KANSAS ENTERPRISES, INC.,

d/b/a AAA RENT-ALL EQUIPMENT

SALES AND SERVICE AND AAA EQUIPMENT AND SUPPLY,

Appellant,

v.

GERALD C. FRANTZ, SEDGWICK COUNTY APPRAISER,

and SEDGWICK COUNTY, KANSAS, BOARD OF COUNTY

COMMISSIONERS in their official capacities,

Appellees.

SYLLABUS BY THE COURT

1. Final decisions of the Board Of Tax Appeals are subject to review in accordance with the Act for Judicial Review and Civil Enforcement of Agency Actions. This court may grant relief pursuant to K.S.A. 77-621(c).

2. Constitutional and statutory provisions exempting property from taxation are to be strictly construed against the one claiming exemption and doubts are to be resolved against exemption. Strict construction, however, does not warrant unreasonable construction.
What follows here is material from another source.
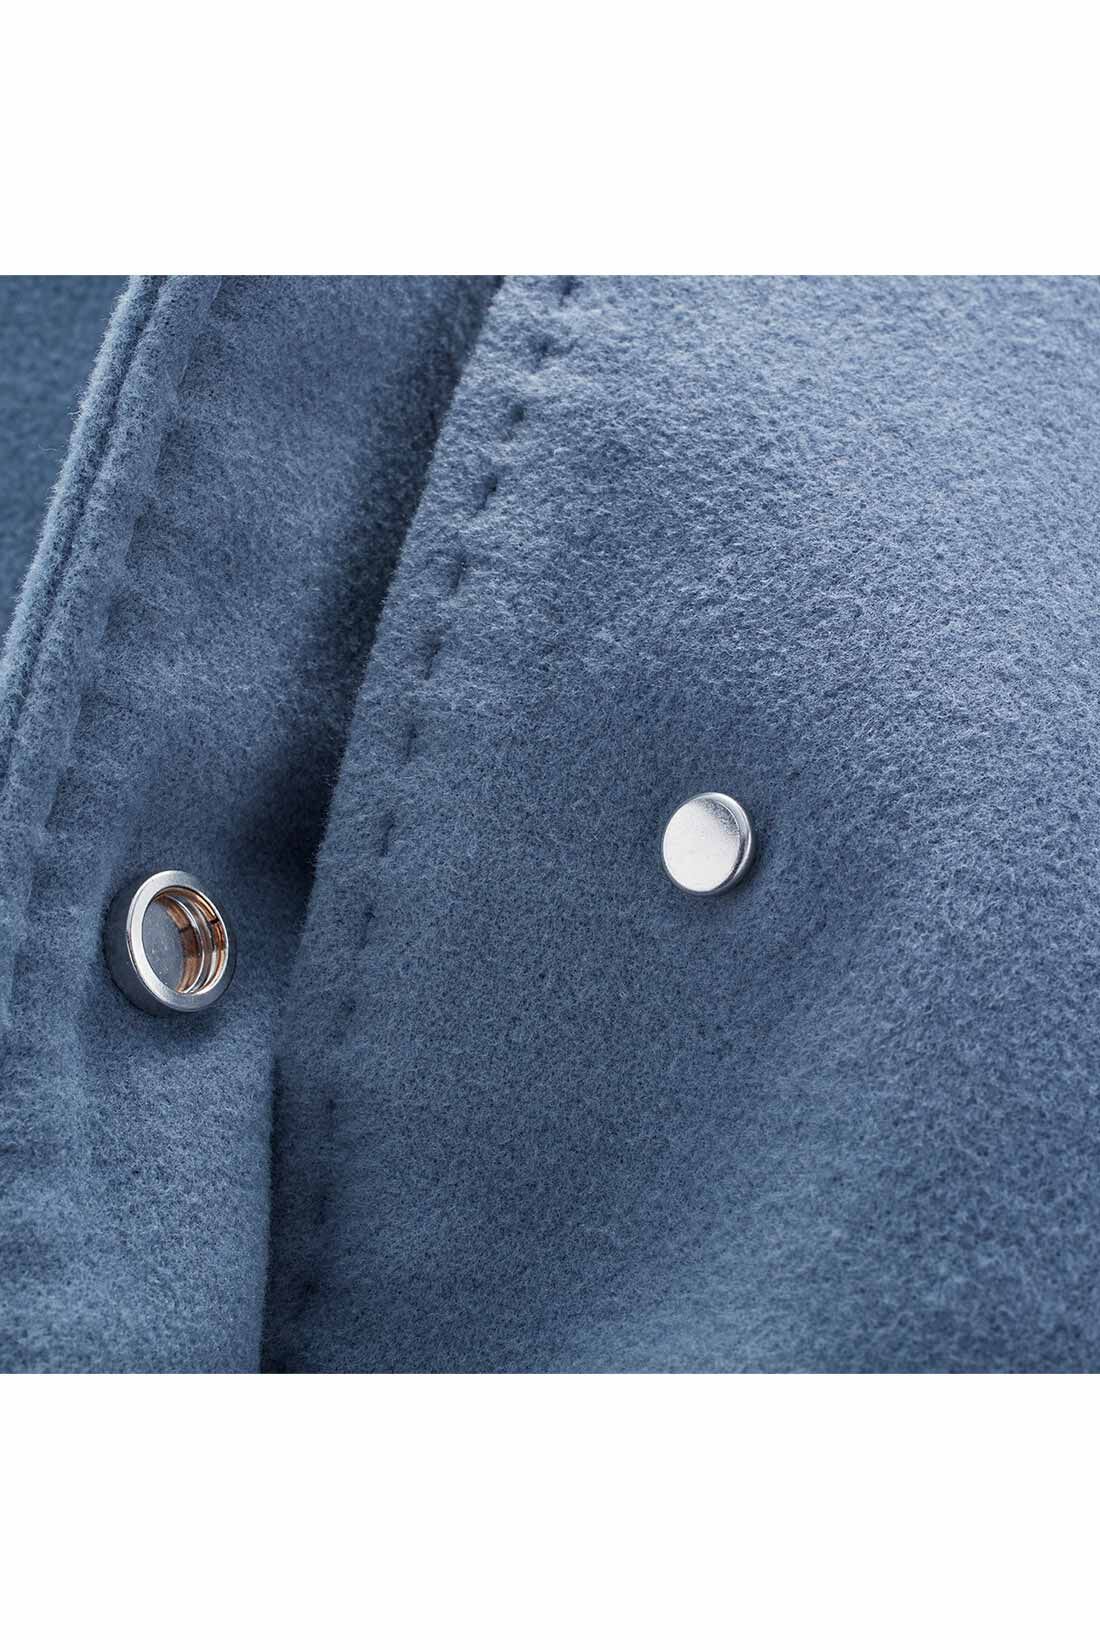 Live in  comfort|リブ イン コンフォート　くぼっち★とコラボ　フードが取り外せて着こなし広がる くすみブルーのベーシックコート|新鮮で品よく着やすいくすみブルー。袖口やすそなどに飾りステッチ、フロントのスナップボタンにも特徴があり、開けても閉じても好印象。
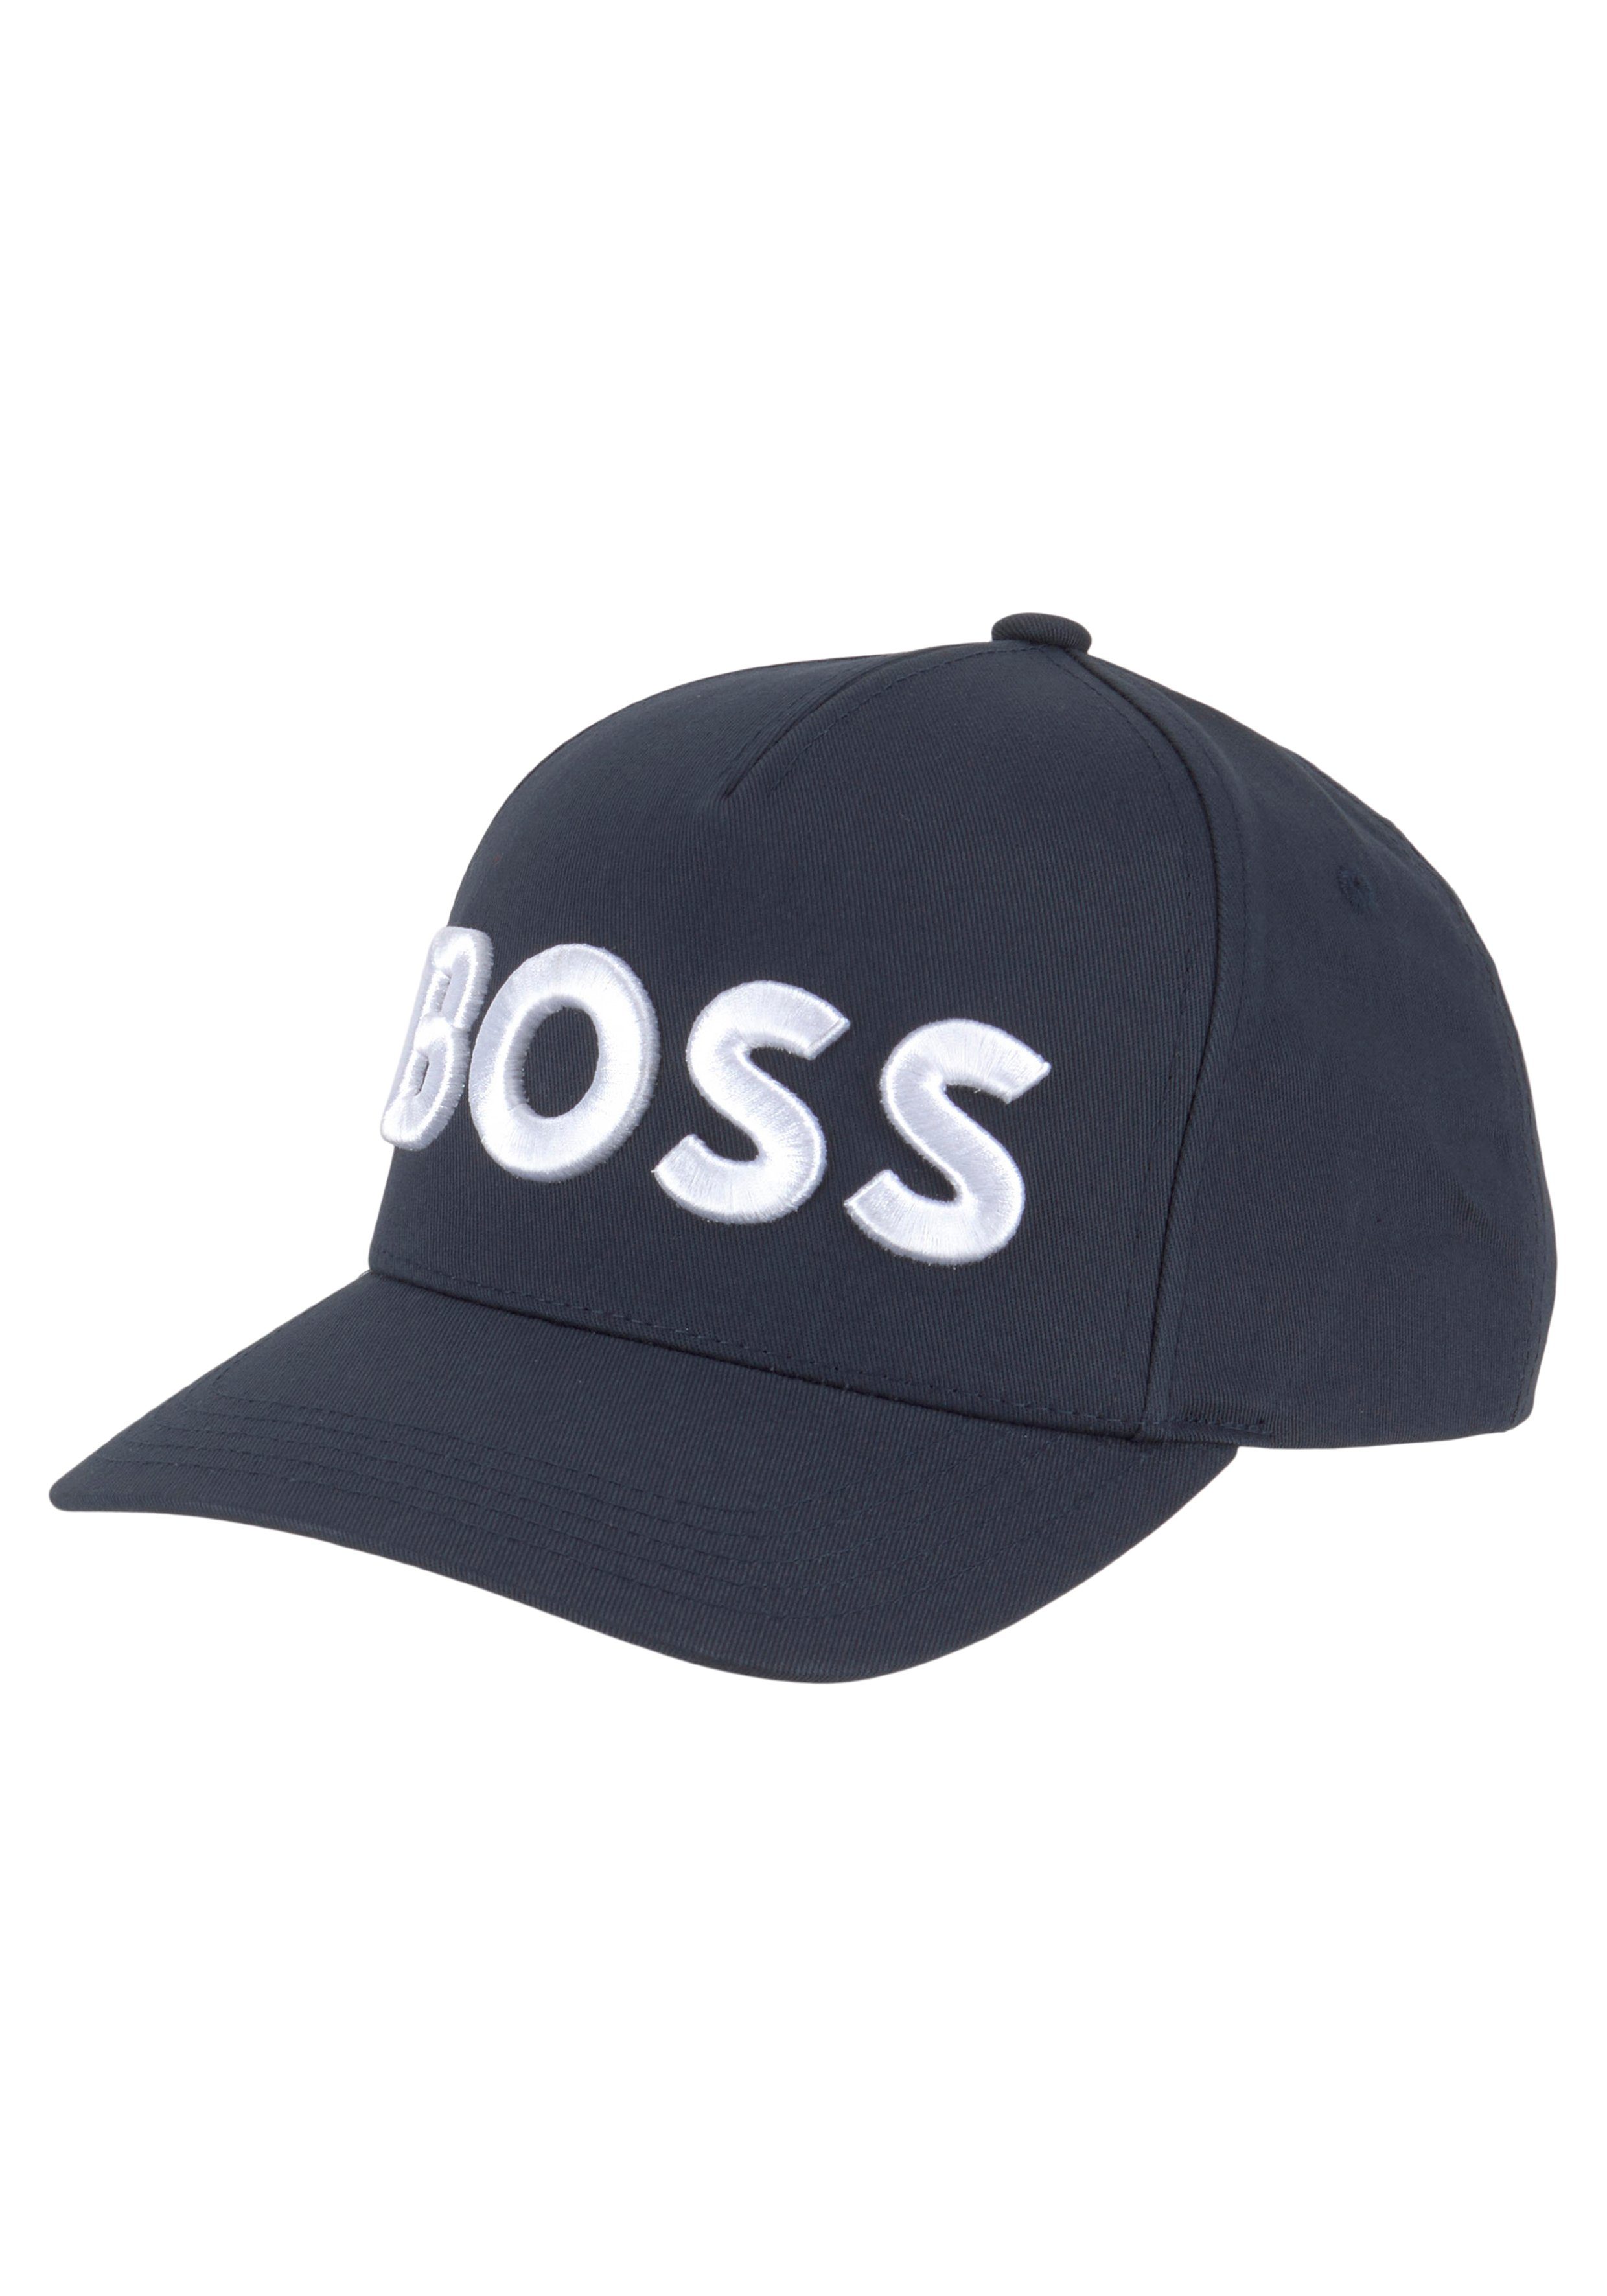 BOSS mit Baseball kontrastfarbenem dunkelblau Cap Labelschriftzug Sevile-BOSS-6

3. In order to qualify for the merchants' inventory exemption under K.S.A. 79-201m, a taxpayer must establish that it is a "merchant" and that its personal property qualifies as "inventory" under the provisions of that statute.

4. A taxpayer is a "merchant" within the definition in K.S.A. 79-201m if the taxpayer owns or holds tangible personal property which has been purchased primarily for resale in the ordinary course of business. The same tangible personal property "primarily held for sale in the ordinary course of business" qualifies as inventory defined in K.S.A. 79-201m.

5. In its 1989 amendment to K.S.A. 79-201m, the legislature did not intend to expand the exemption to include assets that are rented in the ordinary course of business. Instead, the amendment was enacted to protect the inventory exemption of large equipment businesses that temporarily rent out their equipment for demonstration purposes prior to sale.

6. Factors that may be considered in determining whether a taxpayer who holds the same tangible personal property for sale or rent is holding the property primarily for sale include: (1) the age of inventory available for sale or rent; (2) the average number of times a unit was rented prior to purchase; and (3) the average length of the period for which units were rented prior to being sold. These factors are not the exclusive means by which a taxpayer can show that it is entitled to a merchants' inventory exemption. The requirement, however, is that the taxpayer actually demonstrate its entitlement to the exemption, either through the use of these factors or some other method.

7. The fact that a provision of the Kansas Constitution is self-executing does not necessarily exhaust legislative power on the subject, but any legislation must be in harmony with the constitution and further the exercise of constitutional right to make it more available. Thus, even in the case of a constitutional provision which is self-executing, the legislature may enact legislation to facilitate the exercise of the powers directly granted by the constitution. Legislation may be enacted to facilitate the operation of such a provision, prescribe a practice to be used for its enforcement, provide a convenient remedy for the protection of the rights secured or the determination thereof, or place reasonable safeguards around the exercise of the right.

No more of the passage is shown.